Jacob Weiss (August 21, 1750 - January 9, 1839) was a Revolutionary War officer and an early coal businessman. During the Revolution, Weiss served as the Quartermaster-General under General Nathanael Greene. After the war, he and several business partners ran coal mining operations in the Lehigh Valley.

== Early life ==
Jacob Weiss was born in Philadelphia, Pennsylvania on August 21, 1750. He was the son of native German physician John Jacob Weiss, who emigrated to Philadelphia in 1740. His father became a citizen on September 27, 1740. He later married Rebecca Cox on October 14, 1746, and purchased land in the area of Fort Allen, which would become later known as Lehighton and Weissport. They had 11 children, one of whom was Jacob Weiss.

== Military career ==
Early in his military career, Jacob Weiss served for the first company of the Philadelphia Volunteers under Captain Cadwalader. He was then appointed acting Quartermaster-General by General Mifflin. After only serving one tour of duty, he was appointed Quartermaster-General and served under General Nathanael Greene of the Continental Army. After serving under Gen. Greene, Weiss was assigned a post in 1780 as the Deputy Quartermaster General in Easton, Northampton County, Pennsylvania. This was under considerable recommendation of his previous post served under General Greene. His last move of the service was in 1780 to a place called Nazareth, Pennsylvania, with his family. Weiss then concluded service there in 1783. He returned to his home in the Lehigh Valley and purchased a tract of land next to the Lehigh River, then called New Gnadenhuetton, from the Moravians who lived there.
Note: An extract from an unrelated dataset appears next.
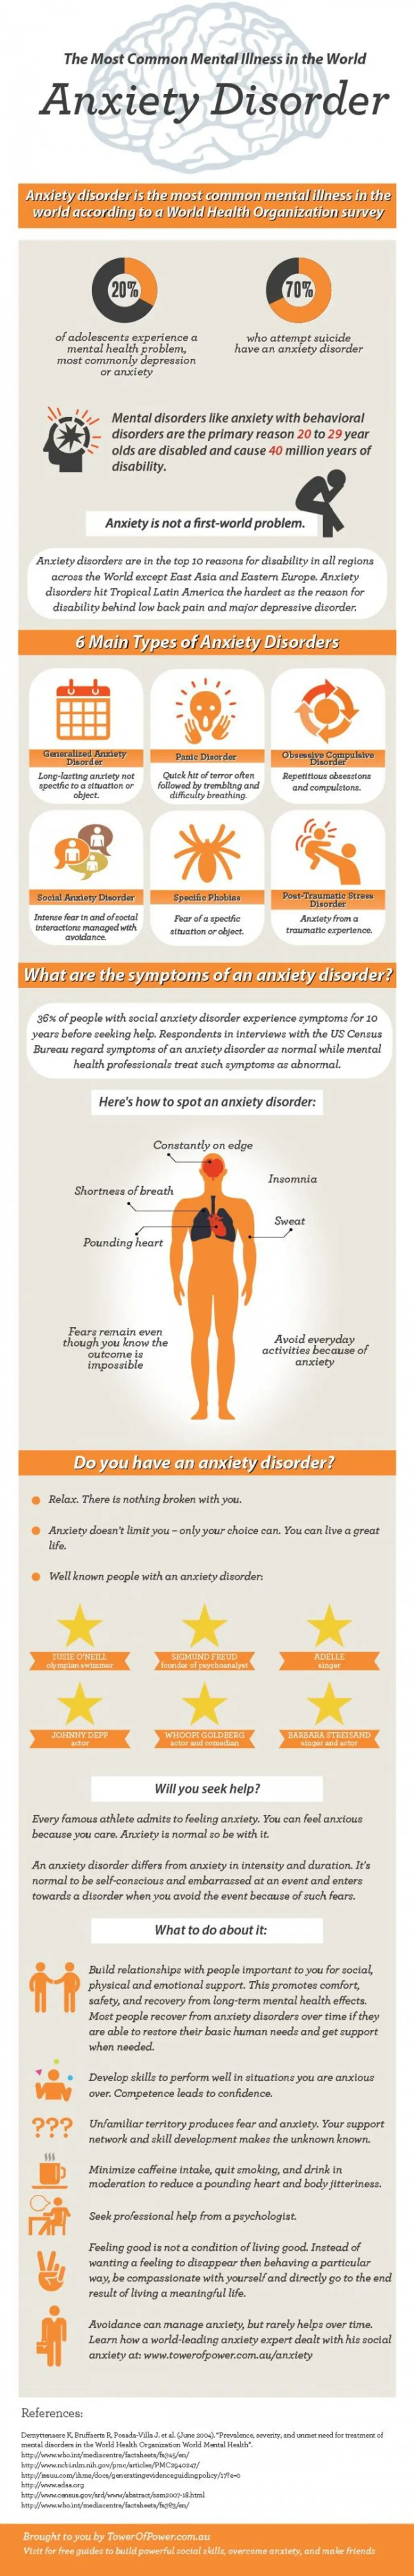 What You Should Know about Anxiety Disorders

== Coal Industry founding father==
According to local historians, Philip Ginder, often called Ginter, made the early discovery of coal in this remote area in 1791. Ginder was a local miller who was out hunting along "Sharpe Mountain" and found an outcrop of a hard rock that was called "stone coal", or anthracite, which he recognized as possibly being coal. To verify this discovery, Mr. Ginder gave it to Col. Weiss the very next day. Col. Weiss said he would give Mr. Ginder 300 acre of land if he showed where the coal was found, and Mr. Ginder agreed to the deal. Col. Weiss took the specimen by horseback to Philadelphia and had it further inspected by John Nicholson, Michael Hillegas, and brother-in-law Charles Cist (printer); Hillegas had been the Treasurer of the United States under the Continental Congress through the American Revolution. Upon authentication, Weiss was authorized to grant Ginter what he propositioned for his discovery upon pointing out the exact location where it was found. Ginter built a mill on the tract of land he acquired but was later deprived of it by the owner who had filed a prior claim at the US patent office.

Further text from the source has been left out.